Honey’s music has received critical acclaim and sees airplay on CBC, Radio-Canada, AM800, CTV, SiriusXM, Folk Roots Radio, and more across Canada, the US, UK, Germany, Australia and the Netherlands. Her over 20k+ fans online are very happy she left her government career to pursue music full-time. She performs regularly on-line with her series “Honey In Your Coffee” and streams almost every live venue performance. Her belief that music gets you through life and her commitment to helping people feel less alone by sharing life through song connects people across the world to support each other. Her campaign last year to touch those suffering with grief through the holidays with her song and video “Snowflakes On My Eyelashes” and the French counterpart garnered over 1.5 million views, but most importantly connected people grieving from all over the world. It’s no wonder that the video for “Snowflakes On My Eyelashes” was a finalist in the UK Songwriting Contest.

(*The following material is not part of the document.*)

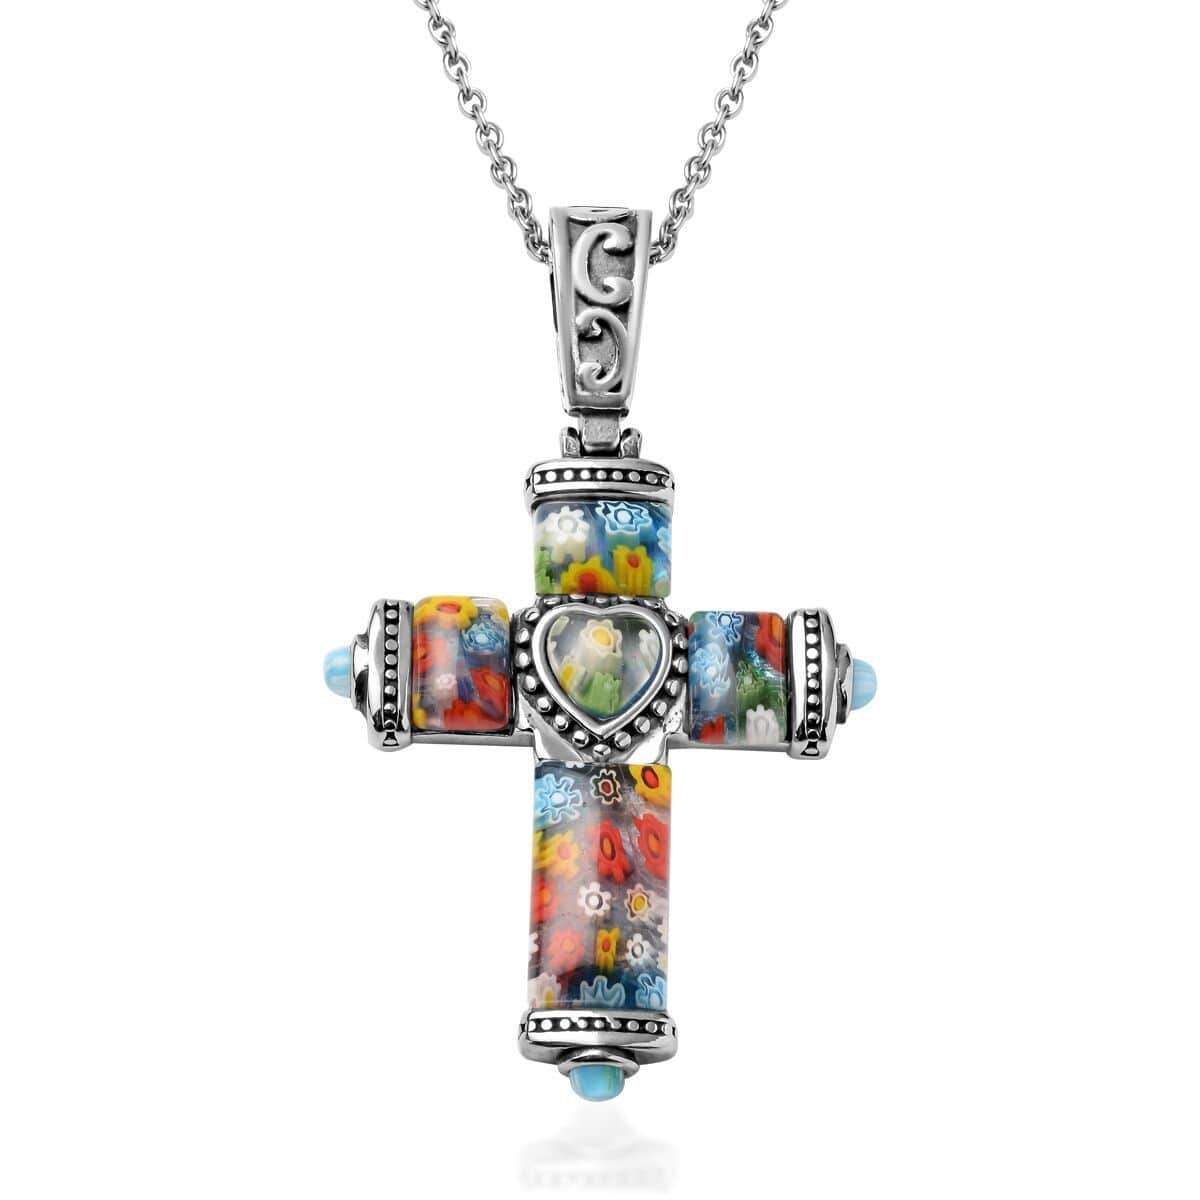 Murano Style Millefiori Glass Cross Pendant Necklace in Black Oxidized Stainless Steel Chain 20 Inches, Religious Pendant for Women and Men image number 0

As a graduate of the Berklee College of Music Professional Singer-Songwriter Certificate Program, Honey regularly makes the nine hour drive from Ontario, Canada to songwriting workshops in Nashville where she has been mentored by icons like Beth Nielsen Chapman (who contributes backup vocals to Honey’s “Snowflakes On My Eyelashes”), Mike Reid (“I Can’t Make You Love Me”), Mary Gauthier (“Mercy Now”), Verlon Thompson (“Boats to Build”), Gretchen Peters (“Independence Day”) and Jonatha Brooke (“Put the Gun Down”).
Honey is a member of the Americana Music Association, Songwriter’s Association of Canada (SAC), Nashville Songwriter’s Association International, and Canadian Country Music Association. She co-ordinates the SAC’s Leamington & Windsor Regional Writer’s Group mentoring other songwriters, has showcased at the Texas Songwriters Symposium four years in a row, as well as at the NSAI Tin Pan North Festival, Hugh’s Room, the WinterFolk Blues and Roots Festival in Toronto, the Kingsville Folk Music Festival, and the Folk Music Ontario conference. Her music and songwriting have not only taken her through Canada and the U.S but to the U.K., Switzerland, and Italy.
She continues to co-write with other artists, aiming to have her music recorded by fellow performers and licensed for TV. “If I could get a song on Grey’s Anatomy or another TV or Netflix series, that would be cool,” she laughs. “But really, I just want to keep going, writing better songs. I’m finally a songwriter and I know I’ll do this the rest of my life.”